Problem requirements: Transcribe every line of the material below exactly, leaving out the pictures.

Provided data:
------------------------------------------------------------------------

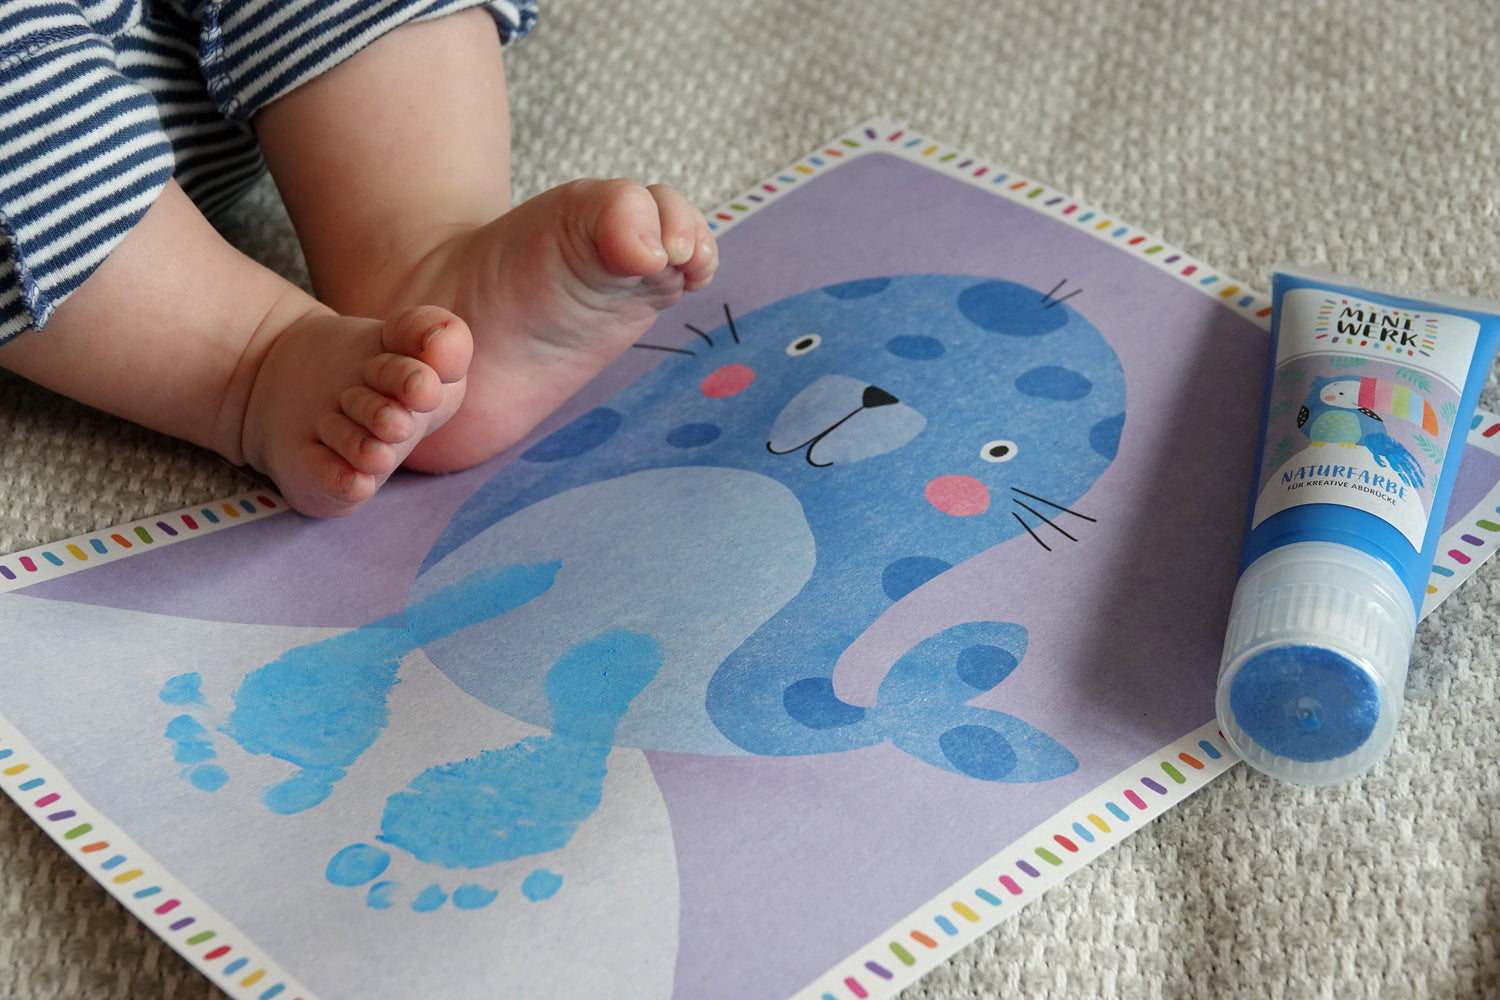 Geburtenkarten oder persönliche Motivkarten mit den Fußabdrücken von Babys ergänzen und zu einer wunderschönen Erinnerung ausarbeiten.
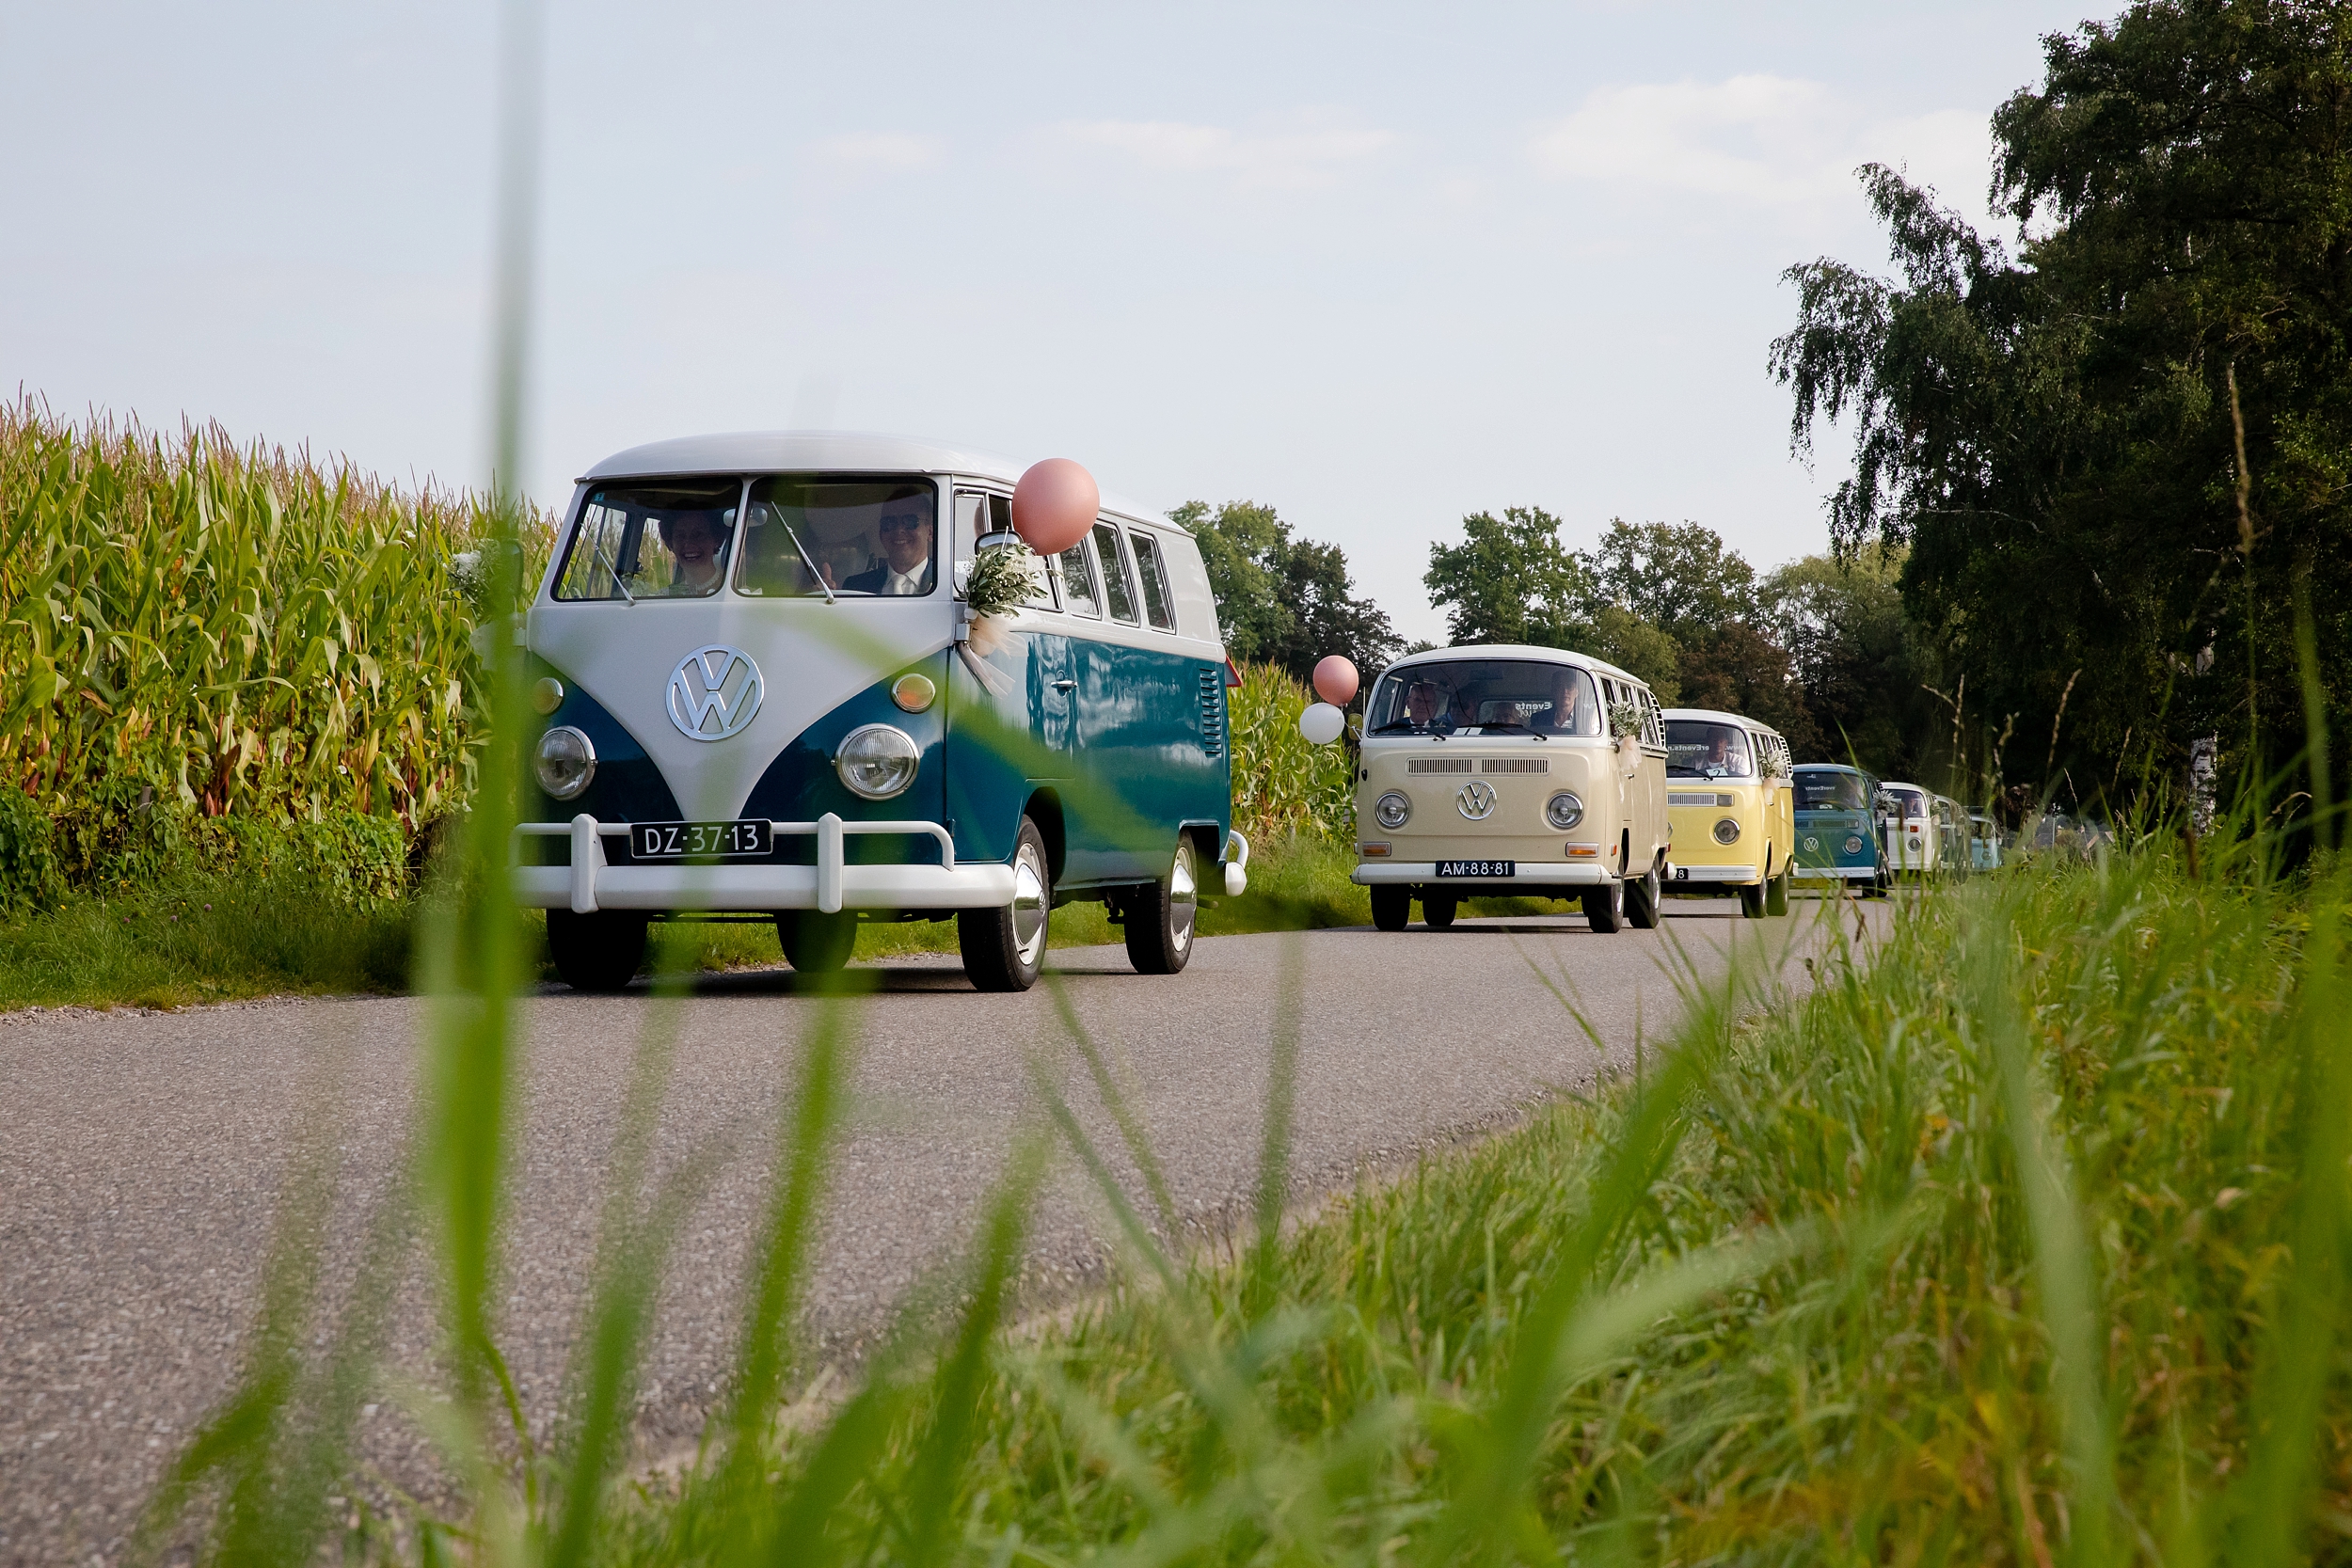 Vanuit Kootwijkerbroek rijden acht geweldige volkswagenbusjes naar Lunteren: een stoet waar je vrolijk van wordt! En dat merk je ook aan voorbijgangers: ze gaan vanzelf lachen als ze deze kleurrijke optocht zien!
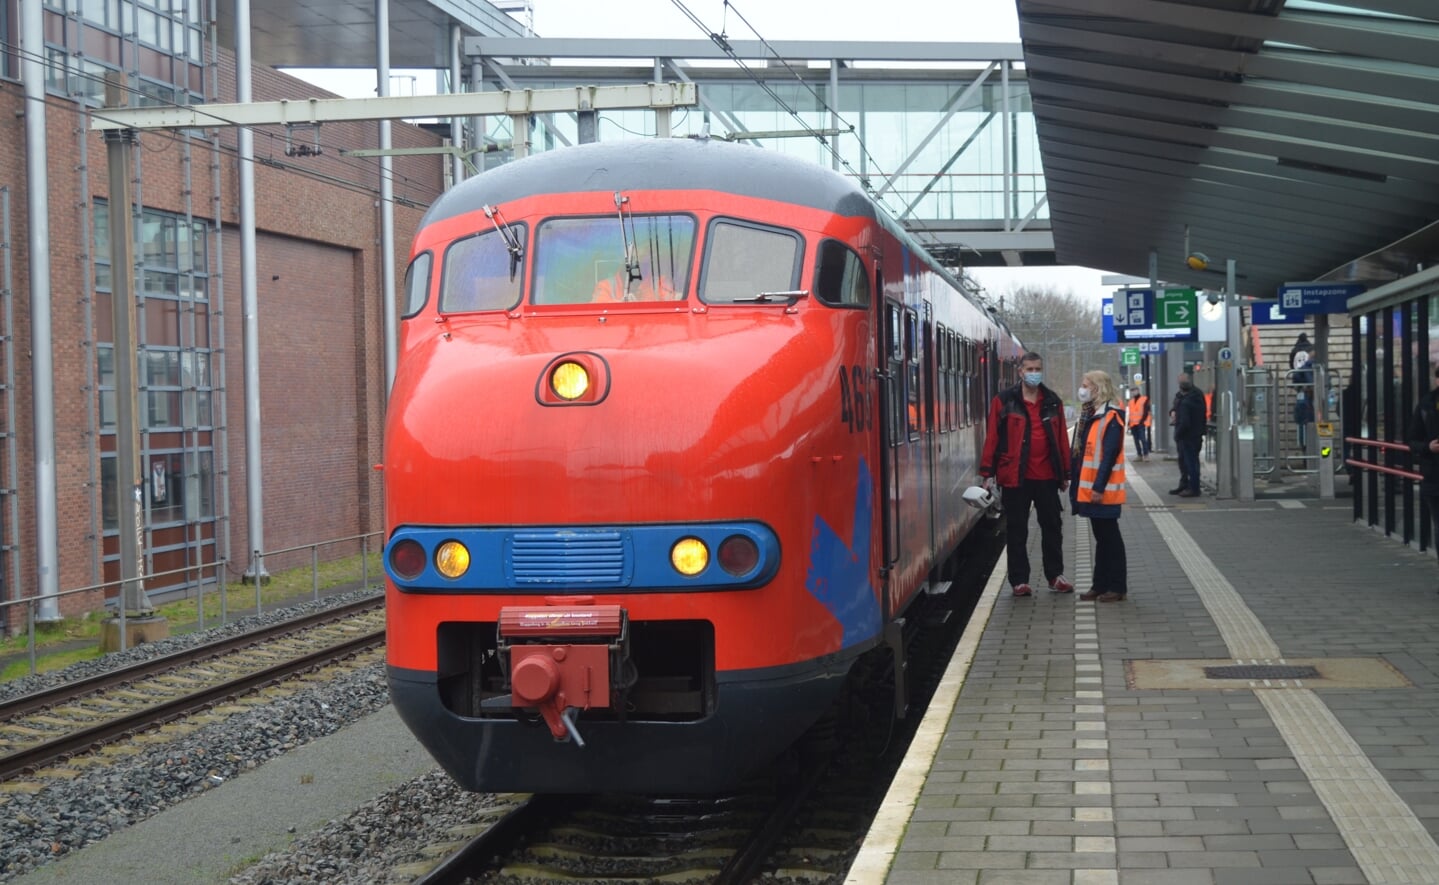 De Karel, een trein die wordt ingezet voor charitatieve activiteiten om geld in te zamelen voor KWF Kankerbestrijding, deed vandaag station Boxtel aan.

------------------------------------------------------------------------

Answer to this task:
 Geburtenkarten oder persönliche Motivkarten mit den Fußabdrücken von Babys ergänzen und zu einer wunderschönen Erinnerung ausarbeiten.
 Vanuit Kootwijkerbroek rijden acht geweldige volkswagenbusjes naar Lunteren: een stoet waar je vrolijk van wordt! En dat merk je ook aan voorbijgangers: ze gaan vanzelf lachen als ze deze kleurrijke optocht zien!
 De Karel, een trein die wordt ingezet voor charitatieve activiteiten om geld in te zamelen voor KWF Kankerbestrijding, deed vandaag station Boxtel aan.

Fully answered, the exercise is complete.